Hanging problems in 2.0.30 -- discoveries

Philip Gladstone (philip@raptor.com)
Fri, 01 Aug 1997 21:19:11 -0400


I can persuade my system to hang repeatedly under 2.0.30-pre2
under heavy load. It turns out that it doesn't really
hang, but a wait_queue becomes corrupted and the kernel
goes into an infinite loop trying to take something
off the queue. [I added checks at add time to ensure that
the wait queue is acceptably short (less than 1000 entries)].

This gets triggered repeatedly. It turns out that when this
happens, memory starvation has kicked in, and the kernel is
trying to handle a page fault -- however the current->mm
pointer is not pointing at anything useful -- hence the
'down' operation is doomed.

My environment uses clone calls -- so there is no real reason
why this process shouldn't have a valid mm structure.
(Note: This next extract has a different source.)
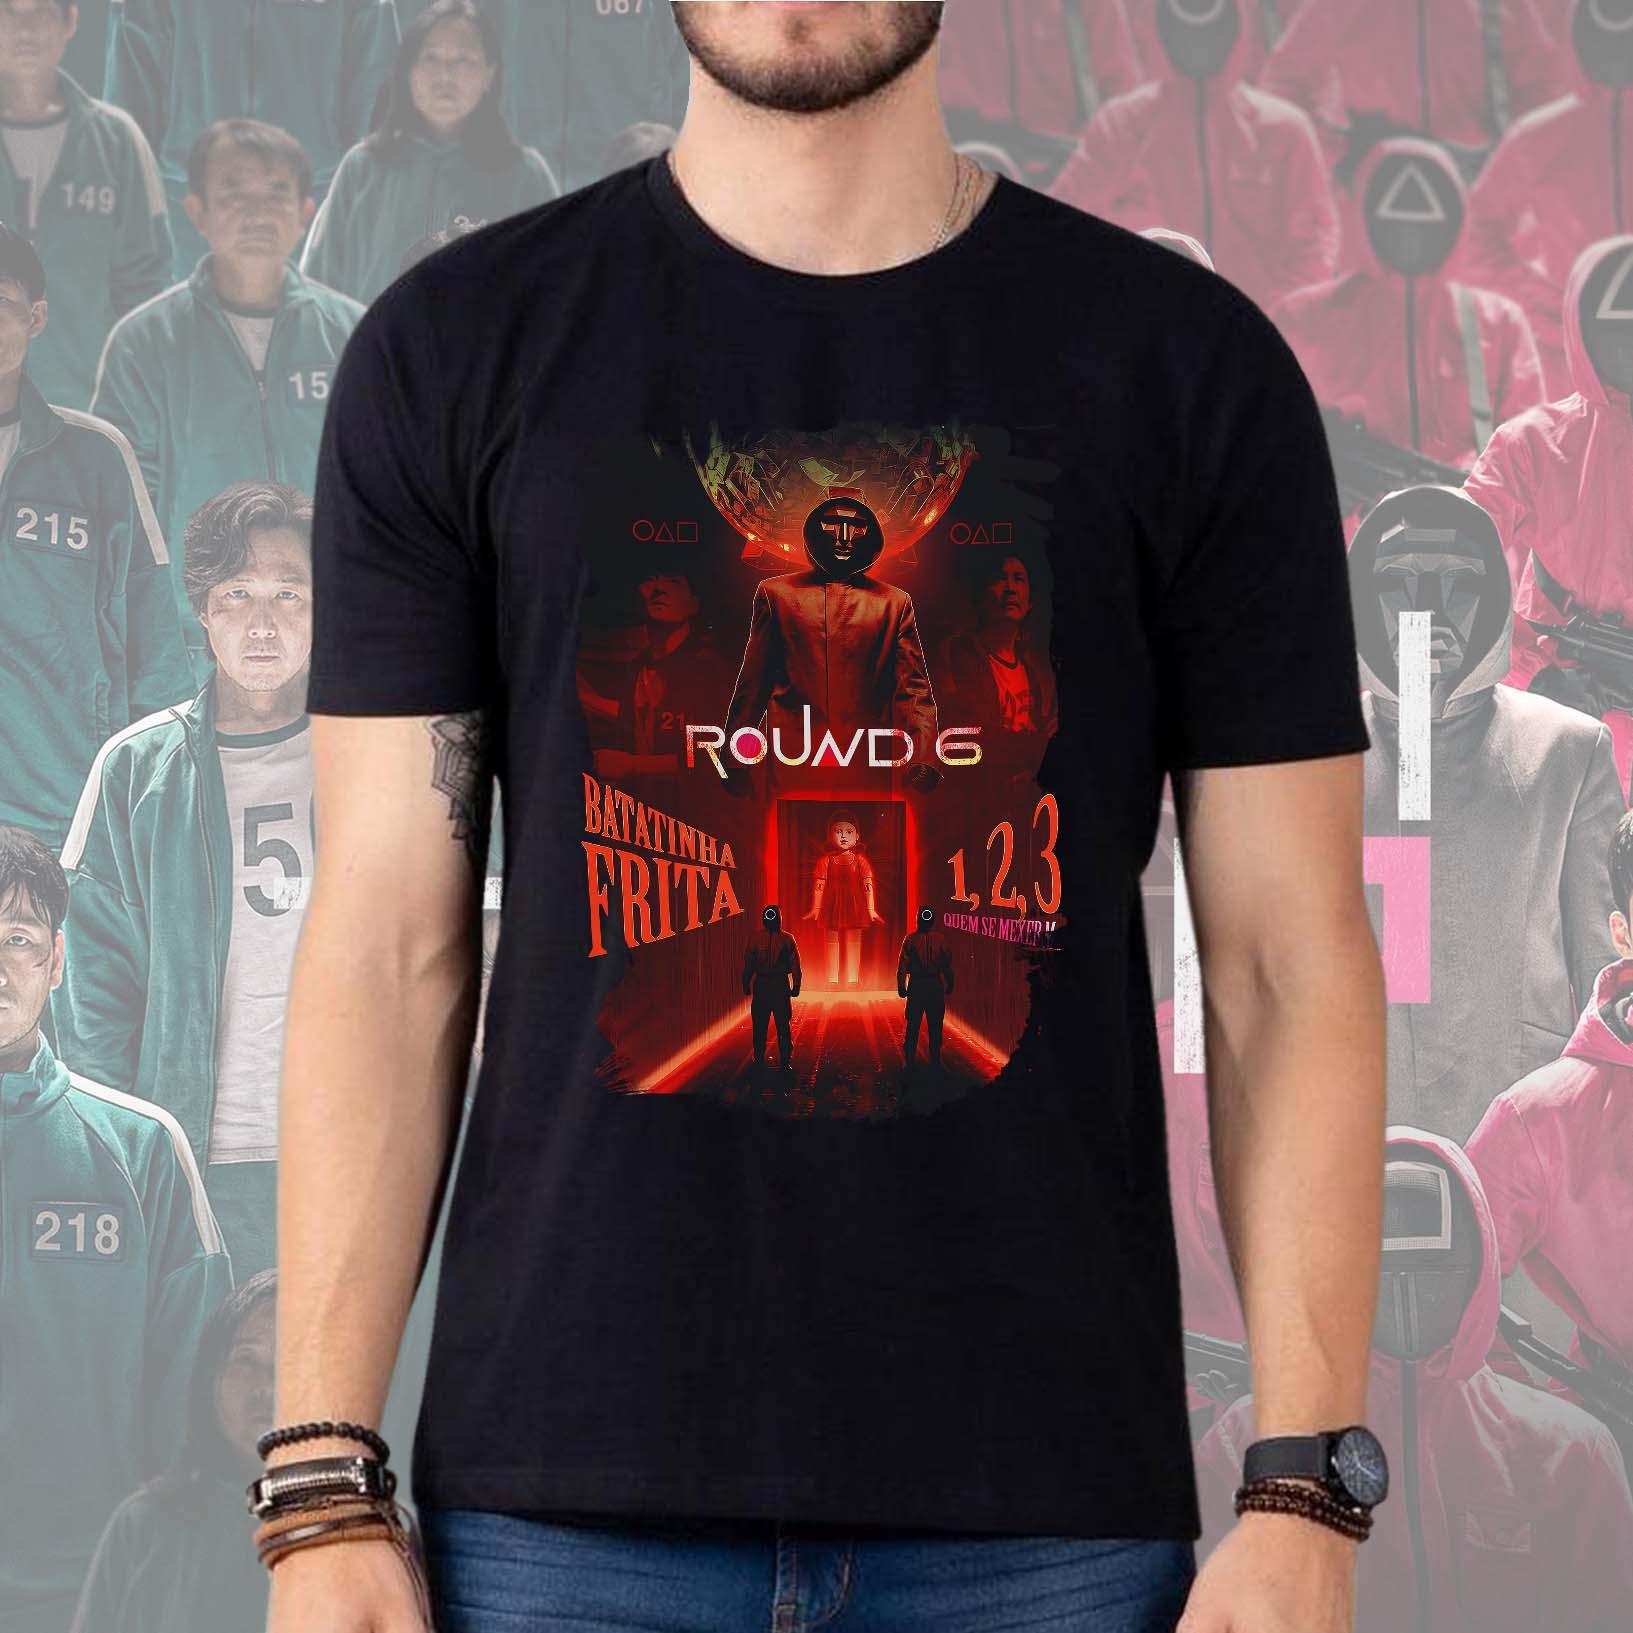 Camiseta Masculina Unissex Round 6 Squid Game Batatinha Frita 1 2 3 Boneca Netflix (Preta) - EV

It is
noticeable that the reference count increment doesn't happen
until quite late on in the cloning operation. In particular,
it looks as though the kernel stack page pointer (which
is allocated in the cloning process) overlaps with what (used to be)
the parents mm pointer. I suspect that some of the cloning
memory allocations are blocking, but I don't know.

Something bad is going on.... Does anybody have any ideas?

Philip

The parent clones the child.

-- 
Philip Gladstone                           +1 617 487 7700
Raptor Systems, Waltham, MA         http://www.raptor.com/